Consolidation and pressure to cut costs are forcing executives at mutual fund companies to consider wholesale changes to the way they work through wholesalers.
Most of these companies have separate salespeople for the bank, broker, adviser, and insurance agent channels. But those channels are contracting, and that can make it costly to have a fragmented sales force. The problem is, if fund companies respond to that consolidation by consolidating their sales teams, they run the risk of damaging sensitive client relationships.
MFS Financial Services and Zurich Scudder Investments are among those that have gone beyond thinking about it. Zurich Scudder Investments, a Chicago unit of Zurich Financial Services, consolidated its bank and brokerage distribution divisions 12 months ago, though it still distributes to insurance agents separately.
Mike Harrington, managing director of Zurich Scudder's bank-brokerage division, said the wholesalers generally have had no problems with the change. One reason for this, he said, is that Zurich Scudder trained its wholesalers to understand new types of clients.
Boston's MFS Fund Distributors Inc. combined its bank and financial adviser wholesaler channels last October to give them more regional focus. Jim Fitzgerald, director of the financial institutions and advisers division, said this has enabled MFS to deliver "two to three times the number of wholesalers to each company than our competitors."
Since the consolidation, MFS has boosted sales through 16 of the 20 largest banks through which it sells and has had similar improvement in selling through advisory firms, Mr. Fitzgerald said.
Matthew McGinness, a consultant at the Boston research company Cerulli Associates Inc., said midsize mutual fund companies have the most to gain by centralizing because covering national territories without an extensive sales force is expensive.
Some midsize firms and larger companies, he said, have reorganized their wholesaler forces around regions rather than sales channels.

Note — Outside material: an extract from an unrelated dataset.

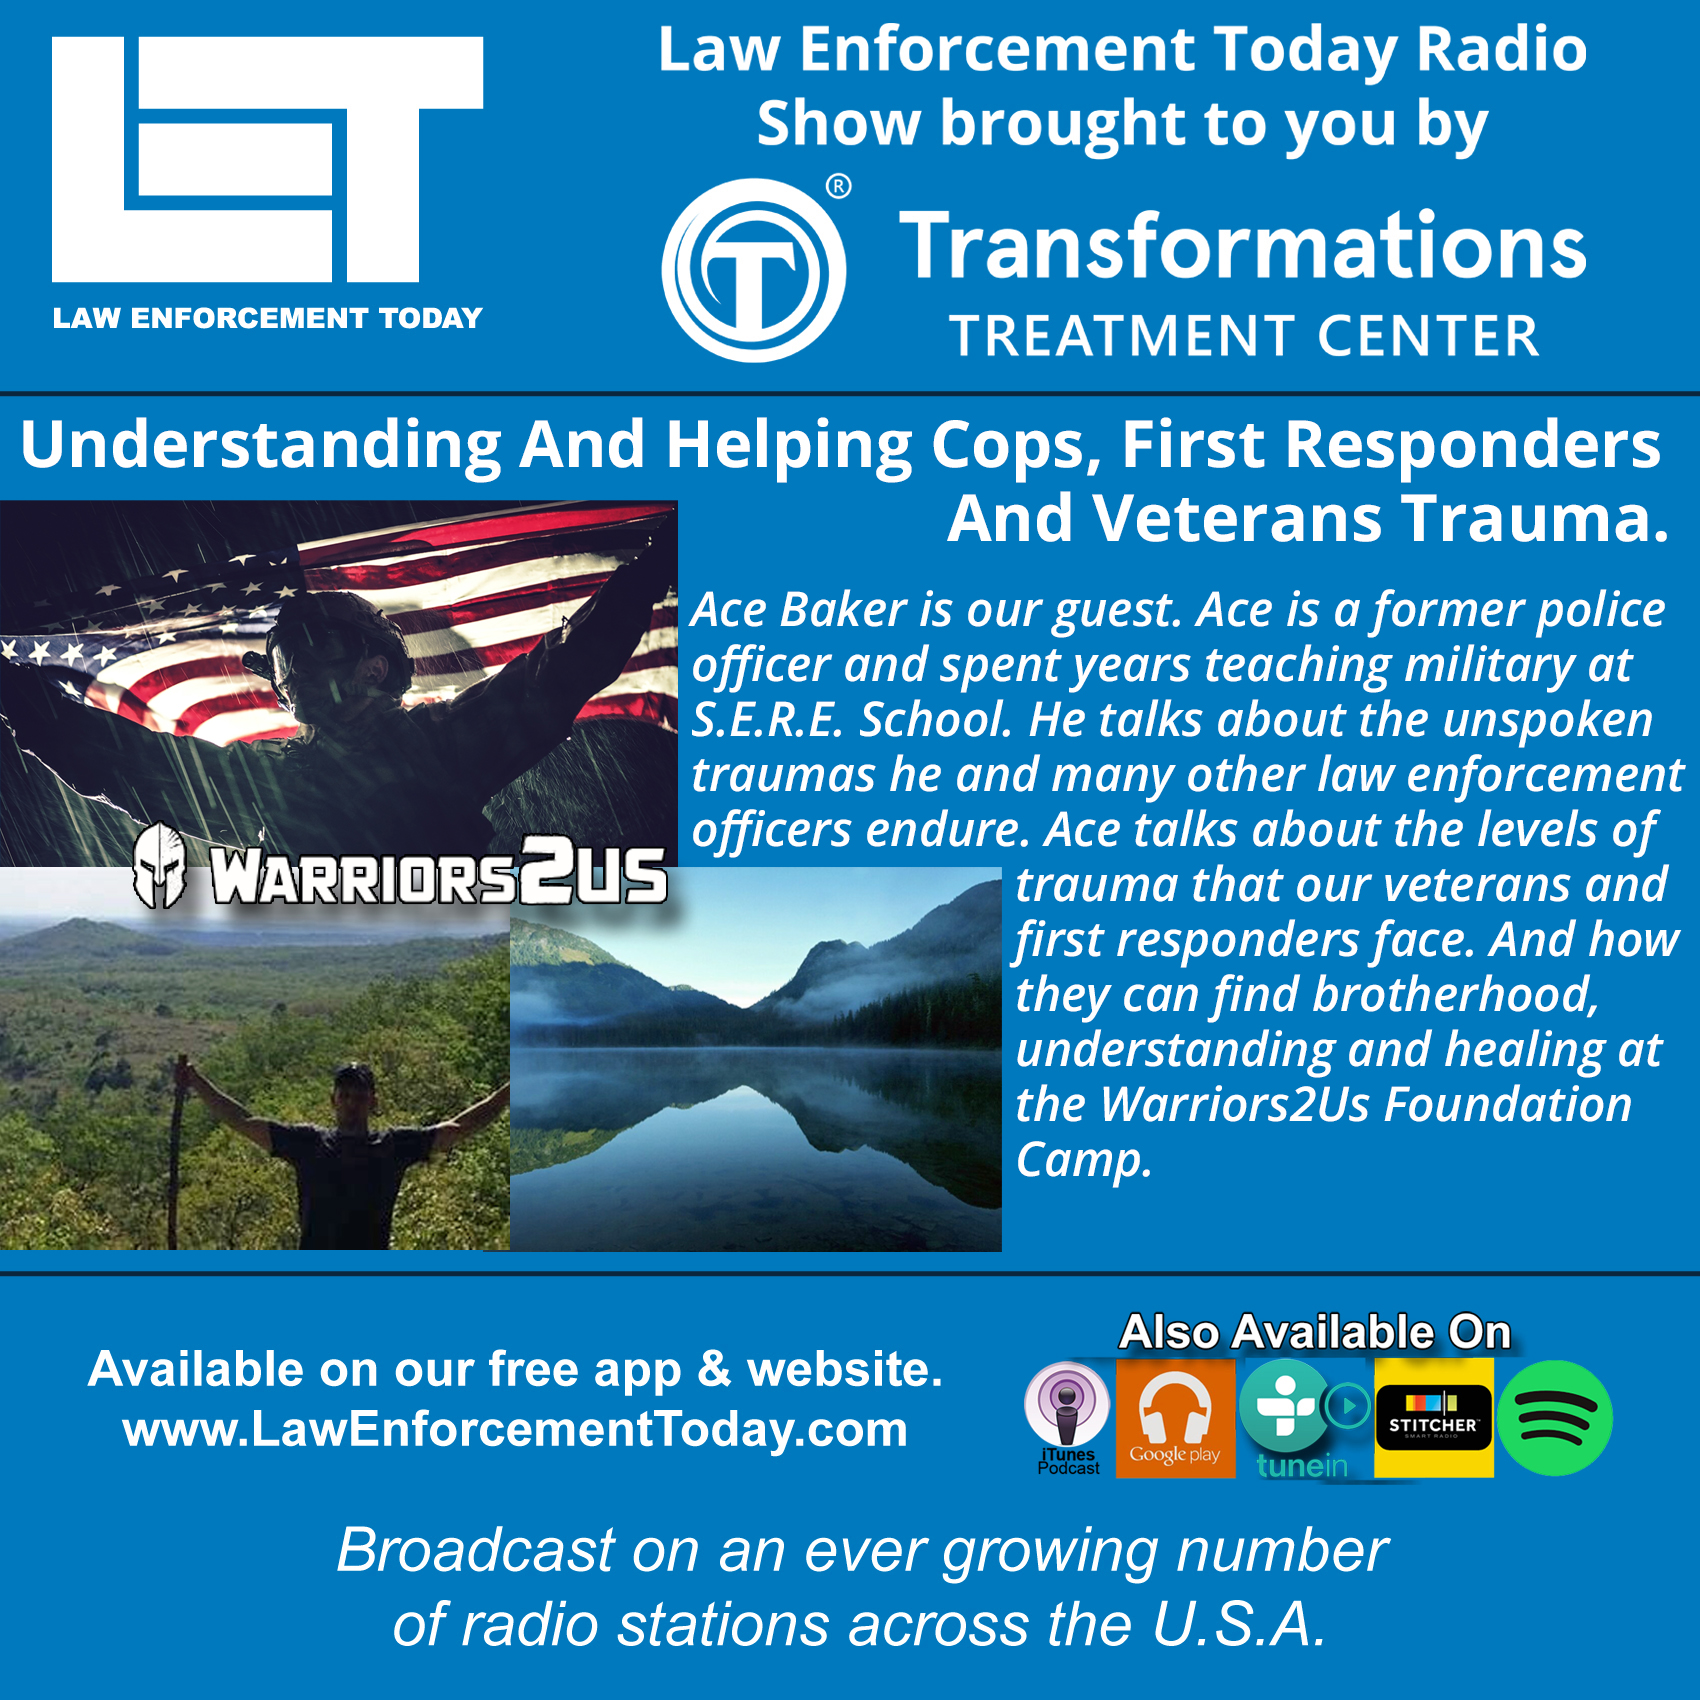 S4E30: Understanding And Helping Cops, First Responders And Veterans Trauma.

Houston's Aim Management Group Inc. is one of several mutual fund firms studying the idea. Michael Cemo, president of Aim Distributors, Aim Management's wholesaling arm, said that whether or not it consolidates its distribution channels depends on how multichannel financial services giants such as Citigroup Inc. structure and combine their own banking and brokerage operations.
Cerulli Associates' Mr. McGinness said some banks, brokers, and financial advisers actually prefer this form of centralization. He said the reason is versatility: these people can provide more insight into what other types of companies do and how they are selling the same products.
Not everyone is ready for this change, however. H.G. "Toby" Mumford, bank channel head at Franklin Investments in San Francisco, said, "Most big firms still feel that keeping [wholesaling] channelized makes the most sense."
Banks particularly appreciate the extra service that comes from having a sales force dedicated directly to them, Mr. Mumford said. Also, some combined bank-brokerage entities have not decided how they want to structure their brokerage divisions, making it difficult for a fund company to determine which wholesaling model is better, he said.
Franklin has no plan to unify its wholesaling. "We don't see a compelling reason to do so," Mr. Mumford said.
Some companies are doing the opposite of centralizing. Pioneer Investment Management Inc. announced last week that it had set up that it set up three separate sales divisions to handle broker-dealers, insurance companies, and advisers and banks. Previously it had a strictly regional wholesaler framework.
KeyCorp, the Cleveland holding company that owns both Key Bank and the brokerage McDonald Investments, is a case study in the dangers of this type of centralizing.
William Dent, director of asset advisory services at McDonald, said a number of mutual funds lost business with his firm after KeyCorp's 1998 acquisition of his firm because the funds' bank wholesalers neglected to call on reps once they were moved into McDonald brokerage offices.
"The bank channel may have won the battle internally, but the fund companies lost the war," Mr. Dent said.
For large regional bank brokerages, he said, fund companies should have wholesalers who cover all intermediaries in a given territory. Such a system can be difficult to implement - and would not suit every bank - but more fund companies will adopt it sooner or later to avoid losing business, he said.